3. The special nature of the Zionist movement

is also reflected in the processes that it has undergone over the years since the First Zionist Congress in 1897, through the horrors of the Shoah and the founding of the State in 1948, to the present.

  1. The political processes that eventually culminated in an international recognition of the need to establish a state for the Jewish people in Eretz Israel -- and the processes of redeeming land and developing the various forms of settlement -- were delicate, long, drawn-out and complex, requiring much faith, unswerving devotion to the goal, great patience -- and a considerable degree of naivete.
  2. The Zionist movement has come a very long way. At its outset, there were different trends within it, advocating different ways of achieving a solution that would be acceptable to all -- a sovereign state for the Jewish people in Zion. Some insisted, first and foremost, on obtaining international recognition. Others contended that it was necessary to create facts, and at the same time to make efforts to obtain diplomatic recognition through diplomatic channels. [There were many other views and ways of interpreting the significance of the aspiration to establish a Jewish state.]
  3. In terms of the interpretation of this aspiration in a physical expression, even up to the establishment of the State, there were differing opinions, for example, about the borders of that state.

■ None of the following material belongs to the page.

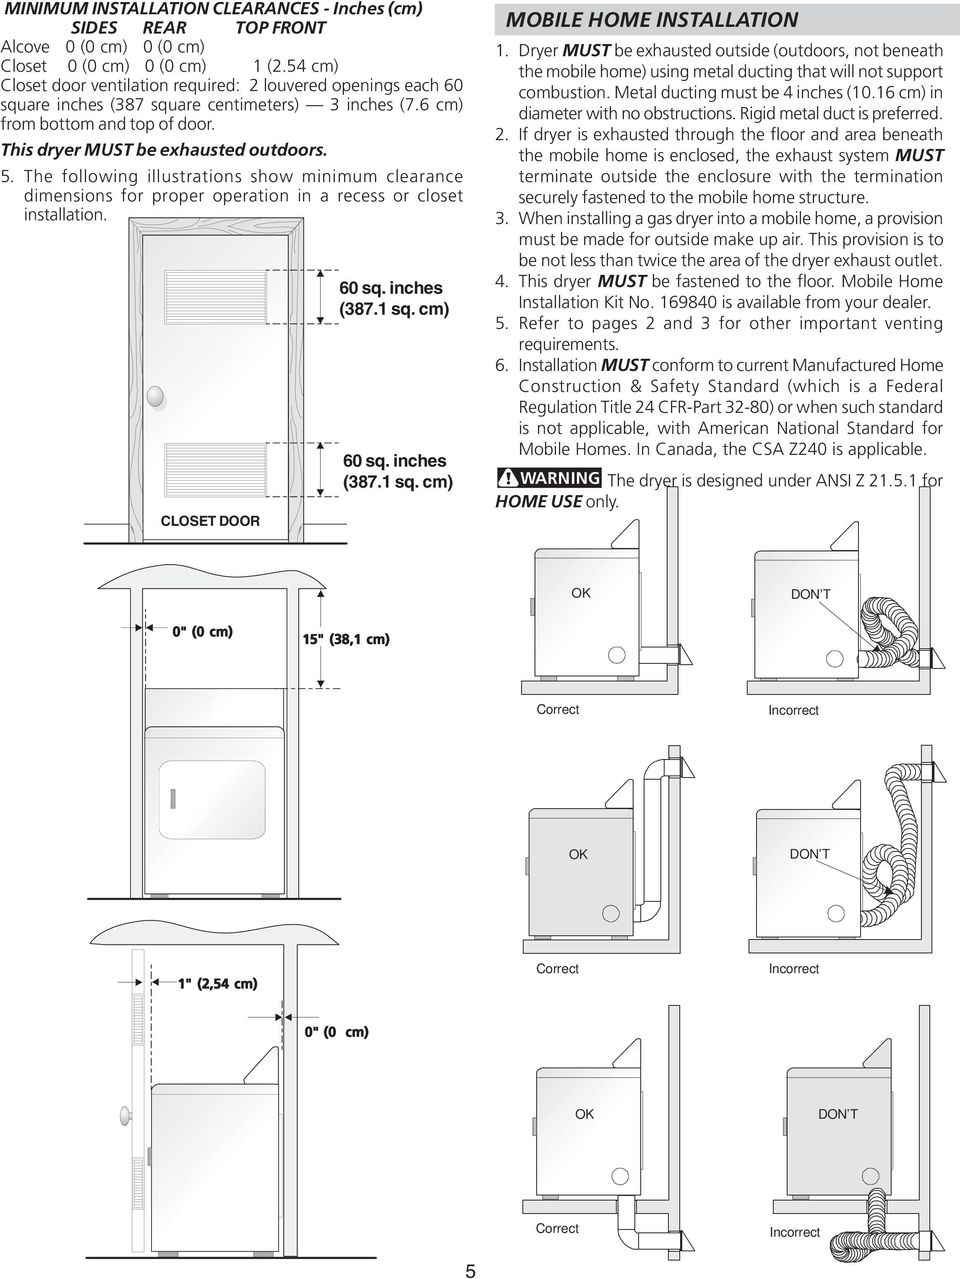 The following illustrations show minimum clearance dimensions for proper operation in a recess or closet installation. CLOSET DOOR 60 sq. inches (387.1 sq. cm) 60 sq. inches (387.1 sq. cm) MOBILE HOME INSTALLATION 1.

    The majority groups were prepared to make do with whatever territory would be approved for them, as long as they would have a sovereign state. The minority insisted on not making do with a minimalist solution, but on striving for the borders of the Promised Land -- and of course there was also the entire gamut of opinions between these two extremes.

    Today, in 1996, is there no political debate about

    • borders?
    • About the price to be paid?
    • About what should or must or may be given up?
    • And in return for what?
      ...For peace?
      ...What peace?
      ...For recognition by the surrounding states of Israel's right to exist?

    • And so on.


4. The relationship between the Jewish people and Eretz Israel, together with the need to be in Israel lead to the concept of "aliya" (immigration, but also literally "ascension"), and by extension to the concept of "yerida" (emigration, but literally "going down").

A worthwhile project would be to examine the term "aliya," and its emotive, ideological, and educational connotations, over one hundred years of Zionism.

These concepts already appear in the Bible:

"And there was a famine in the country, and Abram went down into Egypt to sojourn there, for the famine was sore in the land" (Genesis 12:10).

The fact that instead of the neutral expression describing the action of moving from one country to the other - the term "migration" (hagira) - the terms "aliya" and "yerida" have been chosen, attests to the significance attached by Israelis to living in the State of Israel and to the status of Eretz Israel.

Each of the points and questions raised here could provide an angle from which to investigate and relate to the content matter.